Lonking has four manufacturing bases in China, about 10,000 employees and generates an annual revenue of about $1.3 billion. Wheel loaders are its main product; it produces almost 50,000 units per year primarily for the Asian market. Other products include excavators, skid-steer loaders and forklifts.

According to Qiu Debo, CEO and president of Lonking, the company prepared for many years to enter North America. However, it preferred to take a step-by-step approach to ensure available distribution and service support. “We chose ICP as partner in North America. Though ICP is a very young company, they have a very professional and experienced executive team,” he states. “They also have a very good understanding of the market and its customers.”

Lonking is currently ranked #28 on the International Construction magazine 2013 Yellow Table list of the world’s leading construction equipment brands. It is one of the top three global producers of wheel loaders, and a top five producer of forklifts in China. “Lonking was our first choice as a supplier. They are clear leaders in wheel loaders and excavators,” Frank states. “Many Chinese companies are sell and run. That’s not how our program works. There is a lot of investment they made specifically in this market right alongside us.”

How It Works

Prospective customers can research, buy and arrange support options using ICP’s online tools at, the company’s web store portal. (IronPlanet drives the online sales engine.) Plans are also in the works to set up authorized dealers with inventory they can sell to customers who prefer a more traditional approach.

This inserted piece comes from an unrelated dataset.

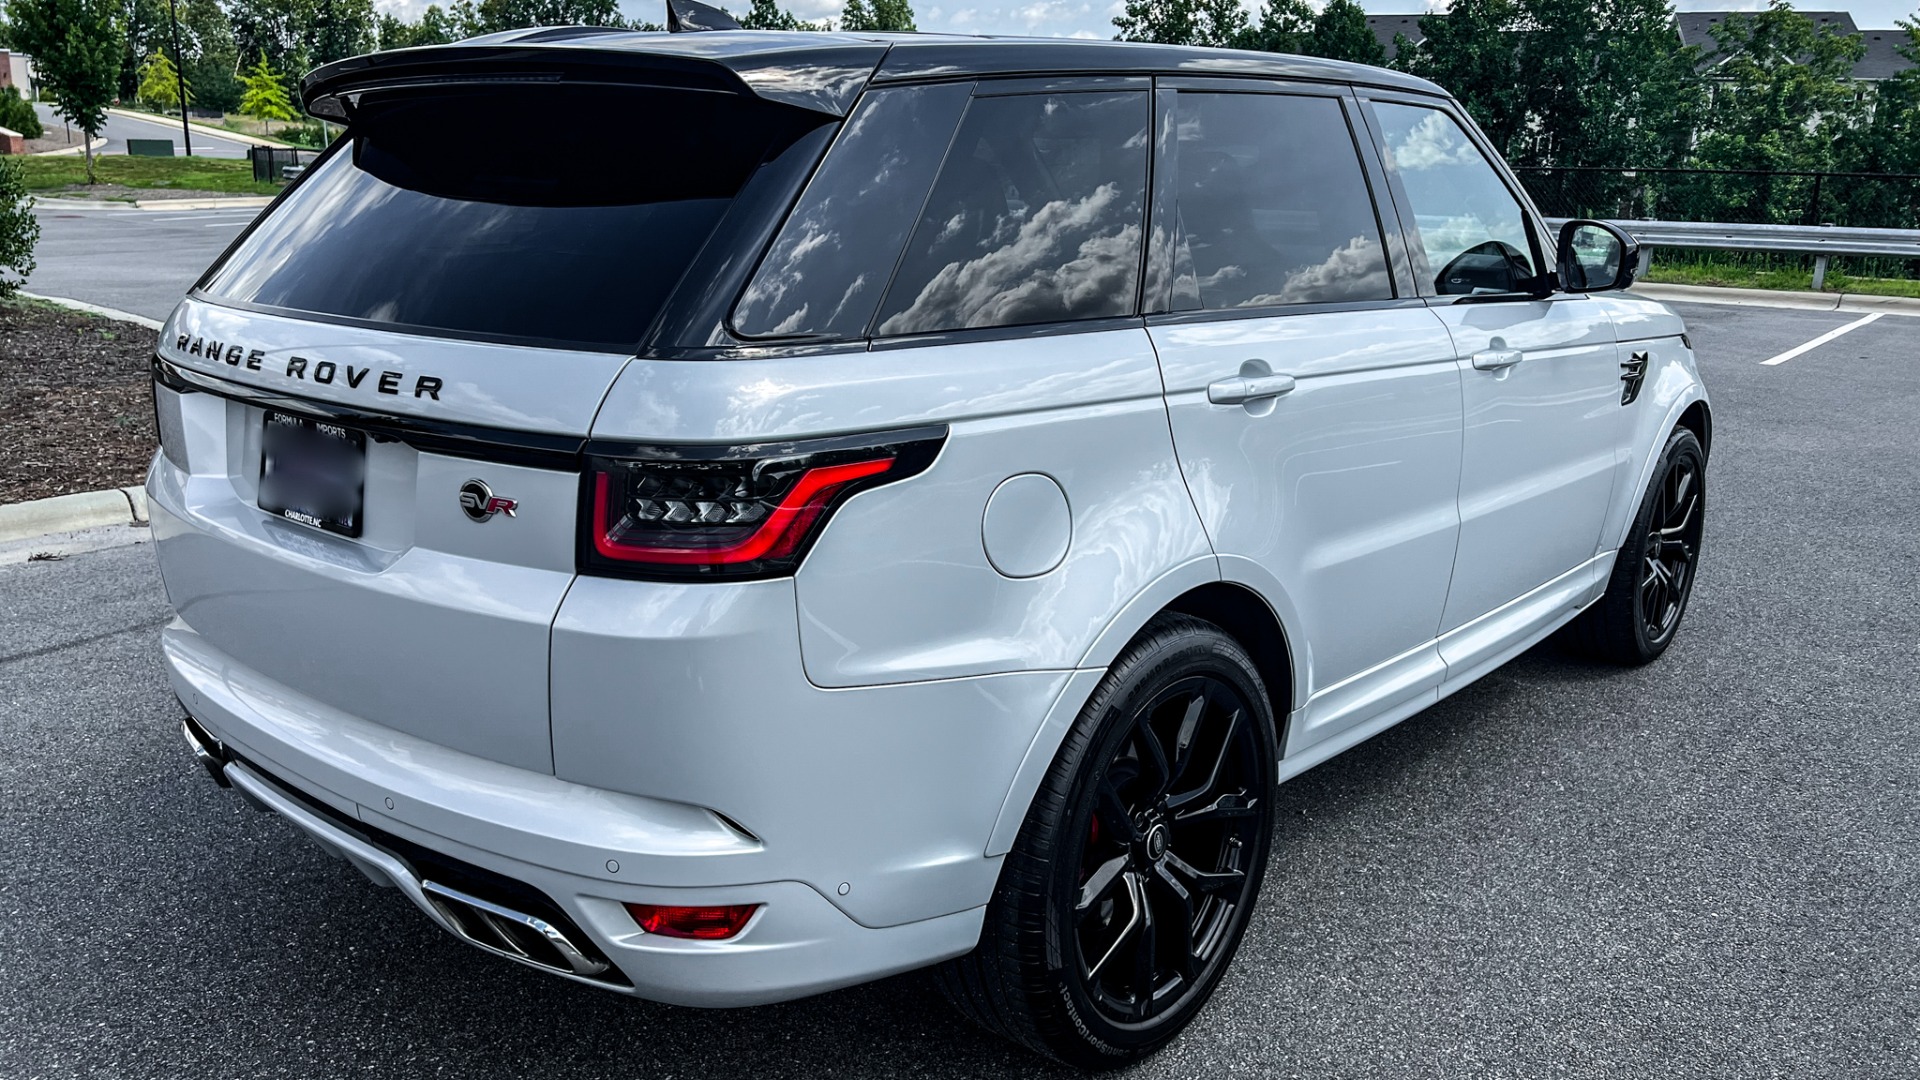 Used 2018 Land Rover Range Rover Sport SVR / SVO ULTRA METALLIC PAINT / MERIDIAN SIGNATURE / 22IN WHEELS for sale Sold at Formula Imports in Charlotte NC 28227 9

The online portal currently lists 19 models of wheel loaders, excavators and forklifts for sale, with more scheduled to be added in coming weeks. Prices listed include all duties and tariffs, remain the same whether you buy direct or via a dealer and can range up to 40% below the cost for leading brands.

Because equipment is shipping direct from China, delivery lead times vary depending upon the customer location. For customers on the West Coast, machines can typically be delivered in 30 days or less. For those on the East Coast, deliveries will average 45 to 50 days.  However, Frank indicates it’s likely ICP will eventually maintain inventory on both coasts.

Machines are sold in a set configuration and are initially available with Tier 3 emissions technology (due to available emissions credits). They will move into Tier 4 starting in the fourth quarter of this year.

Prior to delivery, every unit goes through a 100-point inspection, and each comes with a three-year, 3,000-hour warranty and a 30-day return policy. Service can be performed by a local dealer or through ICP’s service dealer network, which includes locations throughout the U.S. and Canada. Nine parts depots are also positioned across the U.S. through a partnership with TVH, a global leader in parts logistics and support, to help maintain the 48-hour machine-down parts guarantee.

Big Goals

Although just officially launched at CONEXPO-CON/AGG last week, Franks and Lee have set ambitious goals for their fledgling company. “We expect to sell approximately 300 machines by the end of this year,” Frank states.

The biggest obstacle is, perhaps, perception. “If Chinese brands are just as good, why aren’t people buying them?” Frank asks. “If you look at brands like Lonking, they feature many of same components [as other suppliers]. Chinese manufacturers make great equipment, but they’re not as good at distributing to international markets. ICP eliminates the middleman by providing direct service.”